On Thu, Apr 06, 2017 at 12:42:38PM -0400, Steven Rostedt wrote:
> From: "Steven Rostedt (VMware)" <rostedt@goodmis.org>
> 
> The function tracer needs to be more careful than other subsystems when it
> comes to freeing data. Especially if that data is actually executable code.
> When a single function is traced, a trampoline can be dynamically allocated
> which is called to jump to the function trace callback. When the callback is
> no longer needed, the dynamic allocated trampoline needs to be freed. This
> is where the issues arise. The dynamically allocated trampoline must not be
> used again. As function tracing can trace all subsystems, including
> subsystems that are used to serialize aspects of freeing (namely RCU), it
> must take extra care when doing the freeing.
> 
> Before synchronize_rcu_tasks() was around, there was no way for the function
> tracer to know that nothing was using the dynamically allocated trampoline
> when CONFIG_PREEMPT was enabled. That's because a task could be indefinitely
> preempted while sitting on the trampoline. Now with synchronize_rcu_tasks(),
> it will wait till all tasks have either voluntarily scheduled (not on the
> trampoline) or goes into userspace (not on the trampoline).
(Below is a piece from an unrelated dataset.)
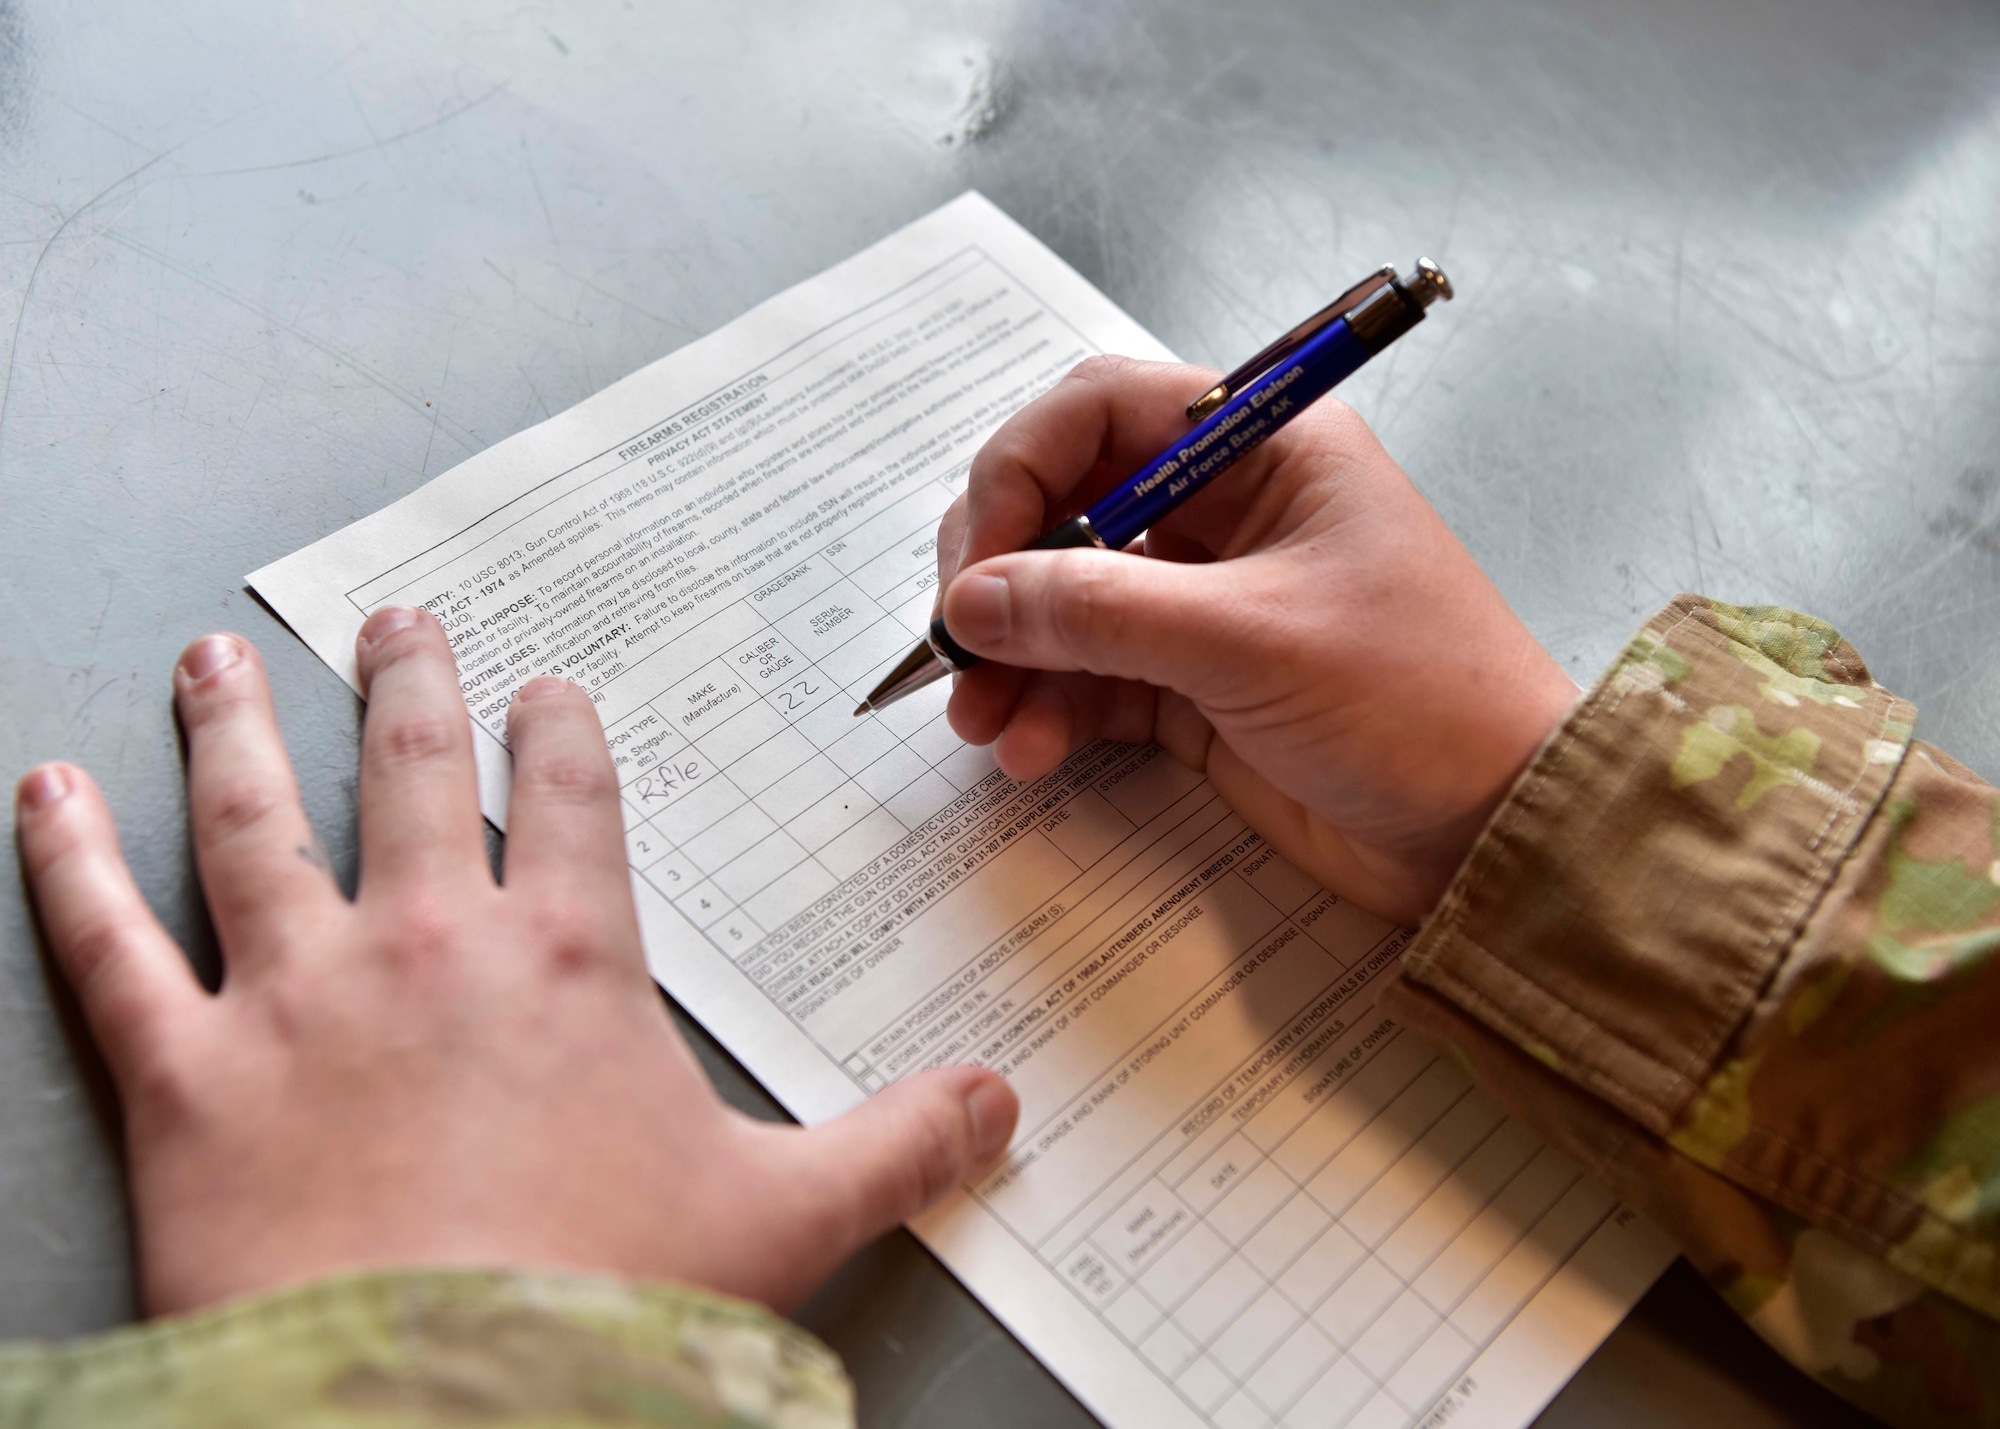 An Airman assigned to the 354th Fighter Wing completes an Air Force Form 1314 Firearms Registration on Eielson Air Force Base, Alaska, Aug. 21, 2020. Airmen are allowed to own firearms while living on base only if they register them with the 354th Security Forces Squadron to ensure proper accountability. (U.S. Air Force photo by Senior Airman Beaux Hebert)

Then it is safe
> to free the trampoline even with CONFIG_PREEMPT set.
> 
> Cc: "Paul E. McKenney" <paulmck@linux.vnet.ibm.com>

One question below.  Other than that:

Acked-by: "Paul E. McKenney" <paulmck@linux.vnet.ibm.com>

> Signed-off-by: Steven Rostedt (VMware) <rostedt@goodmis.org>
> ---
>  kernel/trace/Kconfig  |  3 ++-
>  kernel/trace/ftrace.c | 42 ++++++++++++++++++------------------------
>  2 files changed, 20 insertions(+), 25 deletions(-)
> 
> diff --git a/kernel/trace/Kconfig b/kernel/trace/Kconfig
> index d4a06e714645..67b463b4f169 100644
> --- a/kernel/trace/Kconfig
> +++ b/kernel/trace/Kconfig
> @@ -134,7 +134,8 @@ config FUNCTION_TRACER
>  	select KALLSYMS
>  	select GENERIC_TRACER
>  	select CONTEXT_SWITCH_TRACER
> -        select GLOB
> +	select GLOB

Does GLOB really want to be selected in production environments?
I could understand "select GLOB if WE_ARE_TESTING" or some such.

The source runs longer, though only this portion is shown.